Imagine a customer support system. Most questions are simple: "What are your business hours?" or "How do I reset my password?" These can be answered by a rule engine or a tiny model for fractions of a cent. Only the complex, nuanced questions — "I was charged twice and my account is locked but I need access for a presentation tomorrow" — need the full power of a large language model.
The cascade pattern formalizes this intuition into a systematic architecture. Each tier in the cascade has a confidence threshold. If the tier can handle the request with sufficient confidence, it returns the result. If not, the request cascades to the next tier.
Confidence-Based Escalation
The critical design decision in any cascade is how you measure confidence. Common approaches include:
- Model self-reported confidence: Ask the model to rate its confidence on a 0-1 scale. Simple but unreliable — models are often poorly calibrated and may be overconfident.
- Pattern matching: If the response contains hedging language ("I'm not sure", "it depends", "I think"), treat it as low confidence.
- Structural validation: Check if the response matches the expected format. A well-structured, complete response suggests higher confidence than a partial or malformed one.
- Verifier model: Use a separate model to evaluate the quality of the response. More reliable but adds latency and cost.
- Consistency check: Run the same request twice; if responses agree, confidence is higher. Expensive but effective for critical applications.
Cost Optimization Through Cascading
The financial impact of cascading can be dramatic. Consider a system processing 100,000 requests per day. Without cascading, every request goes to Claude Sonnet. With a well-tuned cascade, 60% of requests are handled by regex or a small model, 30% by Sonnet, and only 10% escalate to Opus.
The math is compelling:
- Without cascade: 100,000 requests at ~$0.01 each = $1,000/day
- With cascade: 60,000 at $0.0001 + 30,000 at $0.01 + 10,000 at $0.05 = $6 + $300 + $500 = $806/day
- But wait: Many of those 60,000 cheap responses are instant (regex), improving user experience too
In practice, well-tuned cascades typically save 30-70% on model costs while maintaining or improving response quality, because each tier is optimized for its specific difficulty level.
Cascade vs Router: When to Use Which
The cascade and router patterns may seem similar — both direct requests to different models — but they solve different problems:
- Router: Decides upfront which model to use based on input characteristics. The decision is made once, before any model is called. Best when you can reliably predict the right model from the input alone.
- Cascade: Tries models in sequence, escalating based on output quality. Multiple models may be called for a single request.
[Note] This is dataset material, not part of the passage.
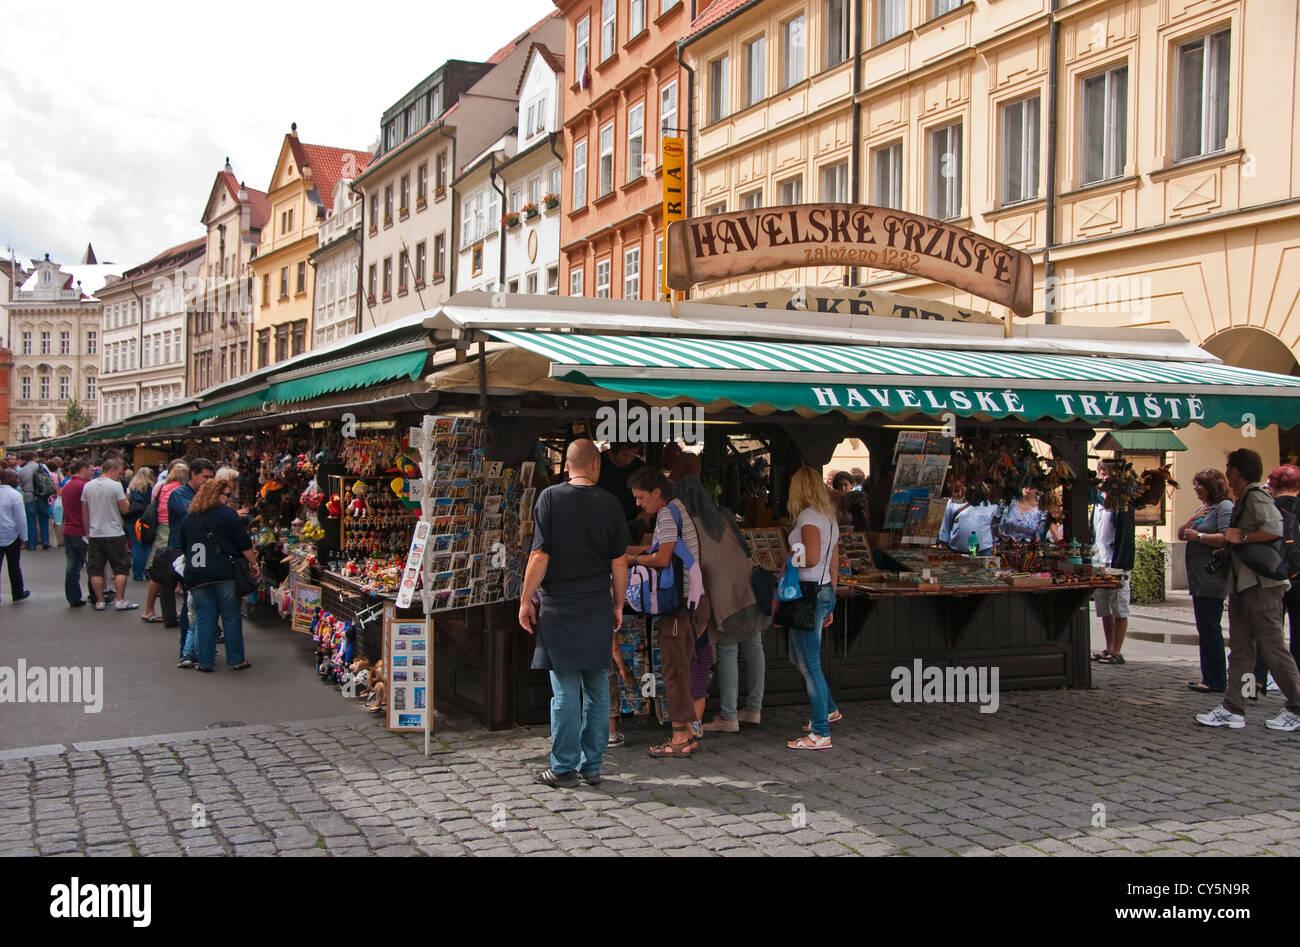 Havelske trziste havel 39 s market in prague city centre for Central prague

Best when you can't predict difficulty upfront but can evaluate output quality.
In practice, many systems combine both: a router handles obvious cases (clearly simple or clearly complex), and the ambiguous middle gets cascaded.
Code Example: 3-Tier Cascade
This cascade tries regex rules first (instant, free), then a small model (fast, cheap), and finally a large model (slow, expensive). Each tier evaluates whether it can handle the request confidently:
import anthropic
import re
import json
import time
client = anthropic.Anthropic()
# Tier 1: Regex / rule-based responses (instant, free)
FAQ_PATTERNS = {
r"(?i)(business|office)\s*hours?": "Our business hours are Monday-Friday, 9 AM - 6 PM EST.",
r"(?i)reset\s*(my\s*)?password": "To reset your password, visit account.example.com/reset and follow the instructions.",
r"(?i)(refund|return)\s*policy": "We offer full refunds within 30 days of purchase. Visit example.com/returns to start a return.",
r"(?i)contact\s*(support|us|help)": "You can reach support at support@example.com or call 1-800-EXAMPLE.",
r"(?i)(cancel|cancellation)": "To cancel your subscription, go to Settings > Subscription > Cancel. You'll retain access until the billing period ends.",
r"(?i)^(hi|hello|hey|good\s*(morning|afternoon|evening))": "Hello! How can I help you today?",
}
def tier1_regex(query: str) -> dict | None:
"""Tier 1: Pattern matching for common queries."""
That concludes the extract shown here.